#### TASK DESCRIPTION:
Only the lines from the one containing "Jack And Dil 2018 Hindi 280MB HDTV 480p" to the end of the data should be copied, exactly and without pictures.

#### DATASET CONTENT:
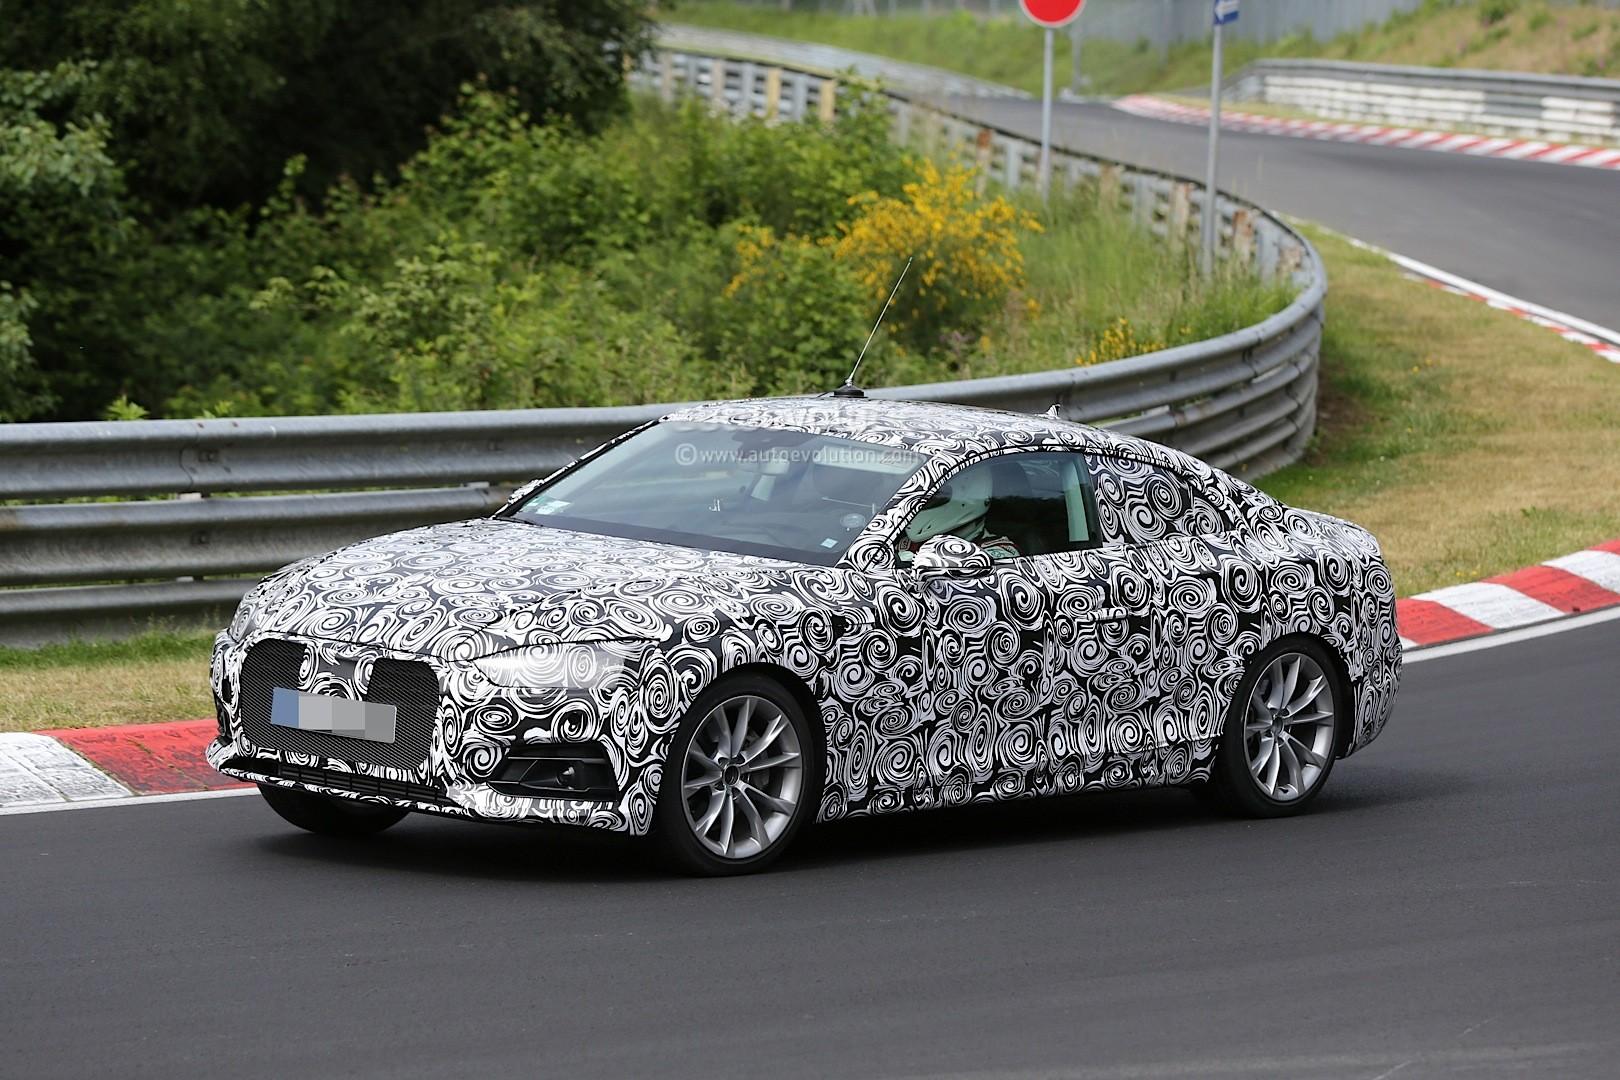 2016 - [Audi] A5 Coupé, Cabriolet et Sportback - Page 3 Spyshots-2017-audi-a5-coupe-begins-nurburgring-testing_11
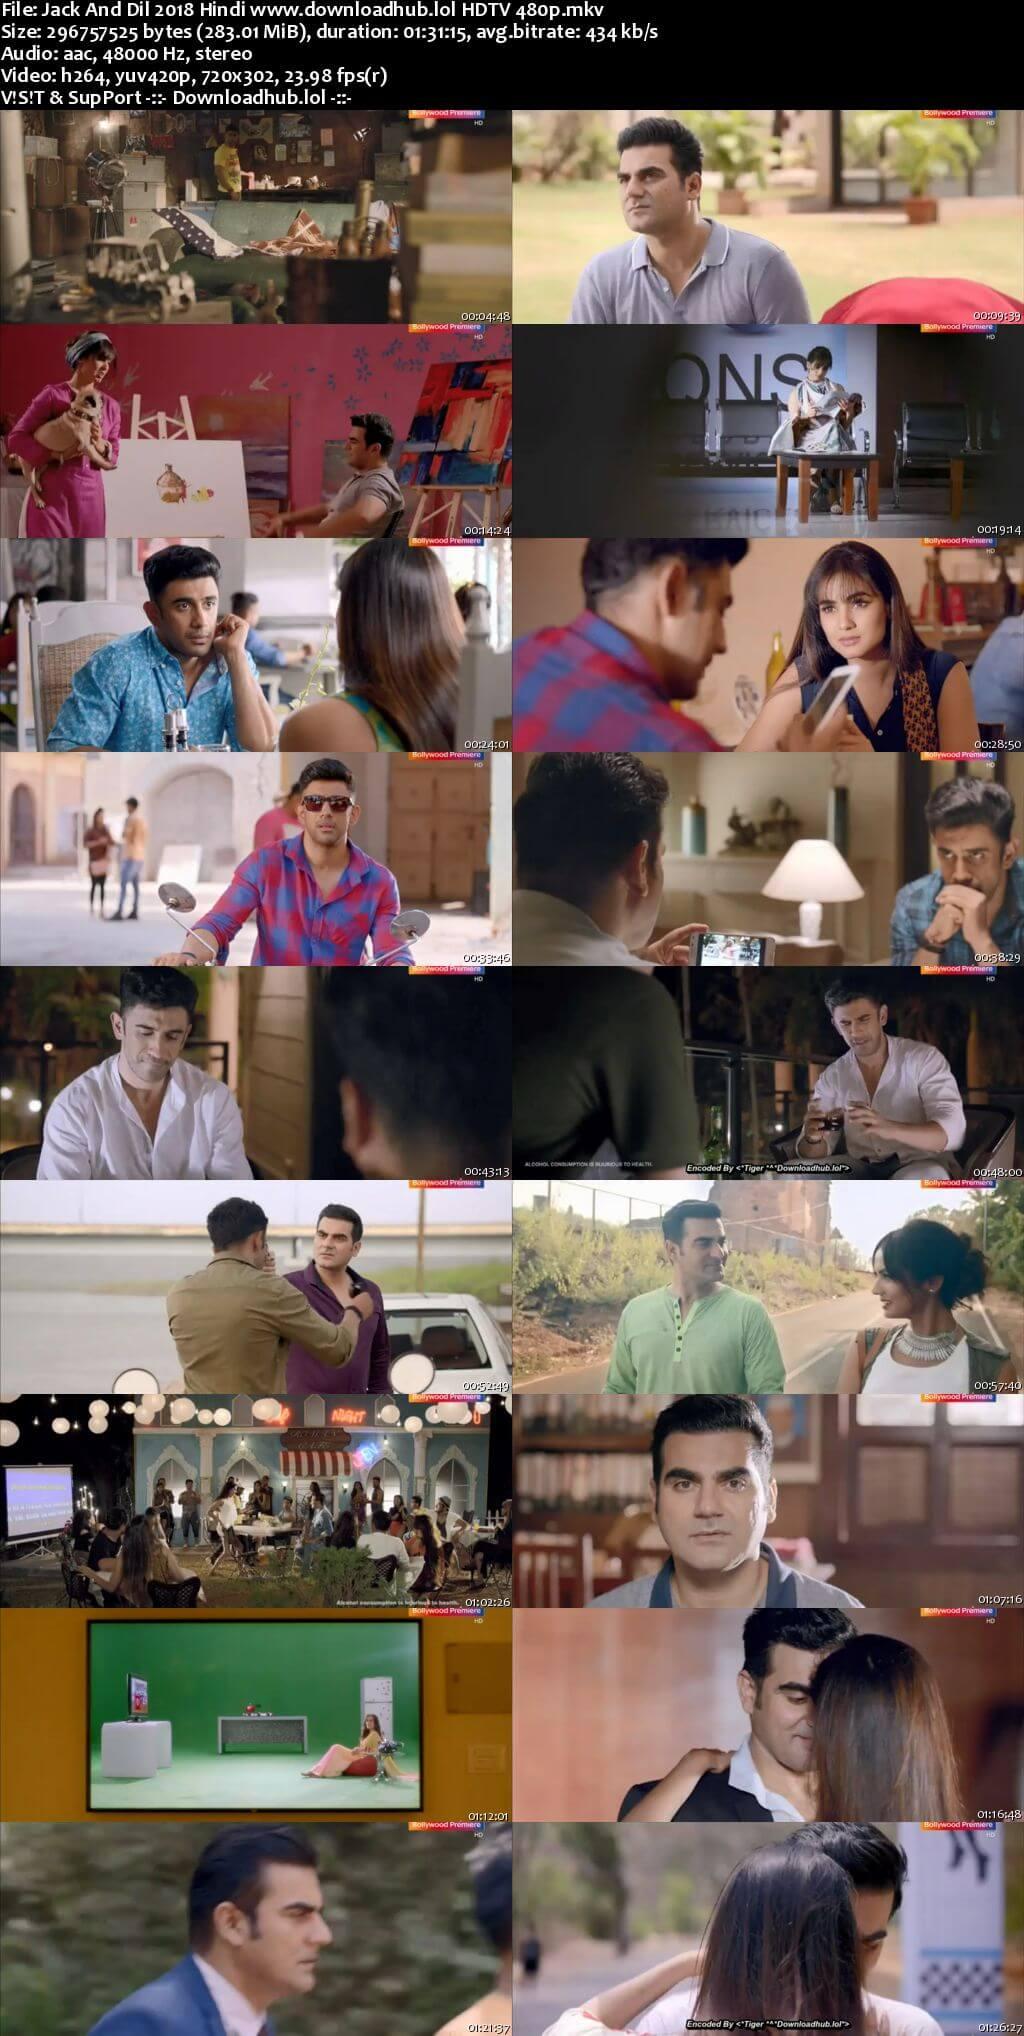 Jack And Dil 2018 Hindi 280MB HDTV 480p
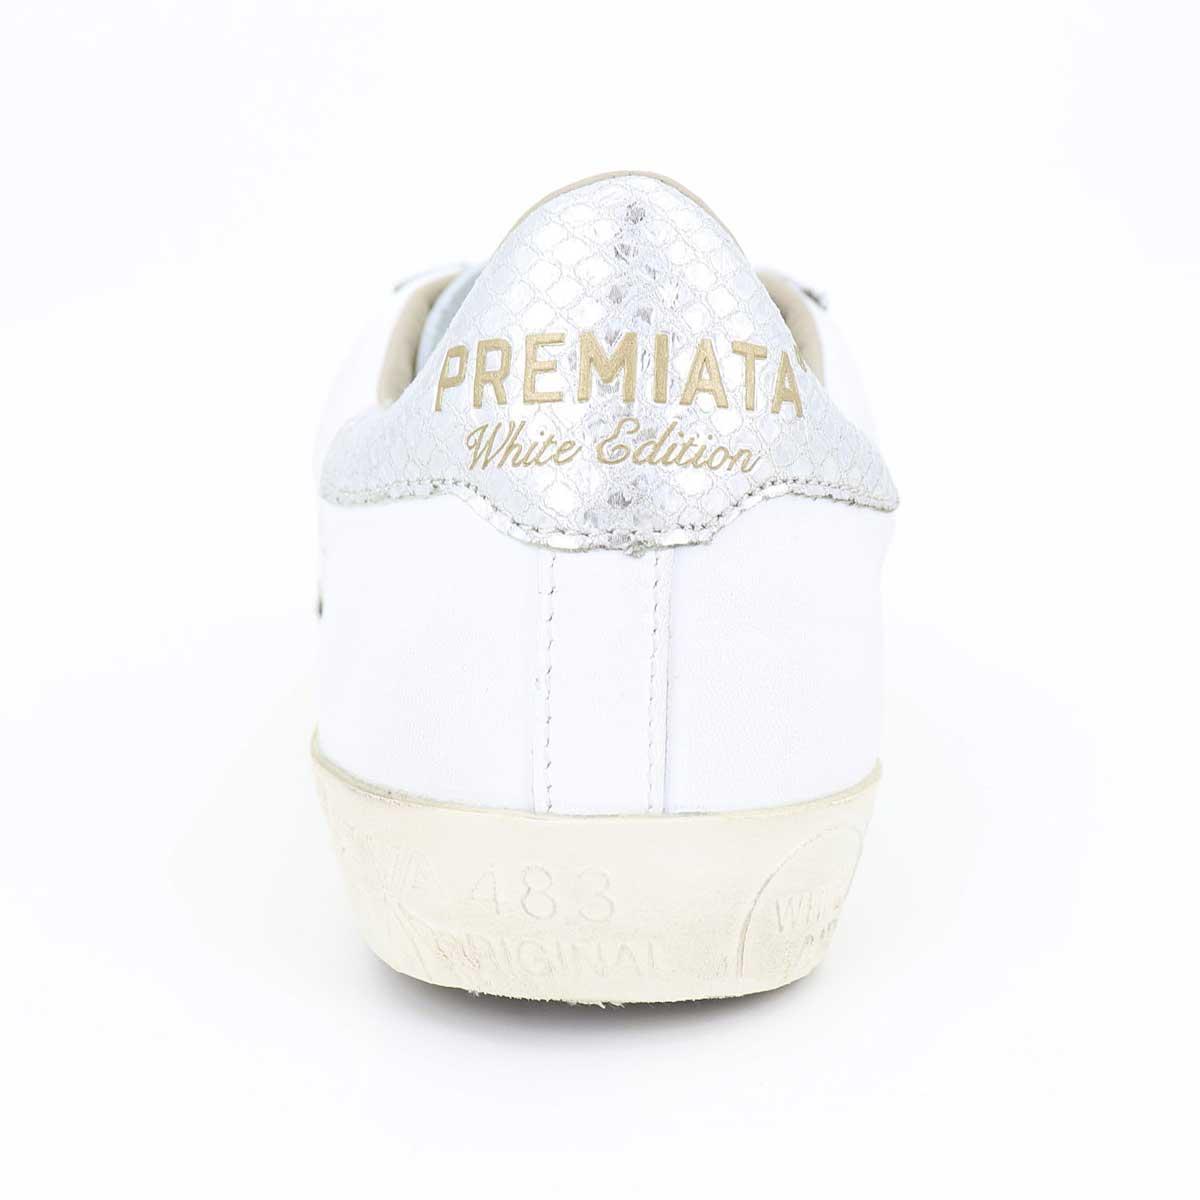 プレミアータホワイト PREMIATA WHITE メンズ レザー ローカットスニーカー STEVEN 4717 WH/SV(ホワイト×シルバー)

#### SOLUTION BELOW:
 Jack And Dil 2018 Hindi 280MB HDTV 480p
 プレミアータホワイト PREMIATA WHITE メンズ レザー ローカットスニーカー STEVEN 4717 WH/SV(ホワイト×シルバー)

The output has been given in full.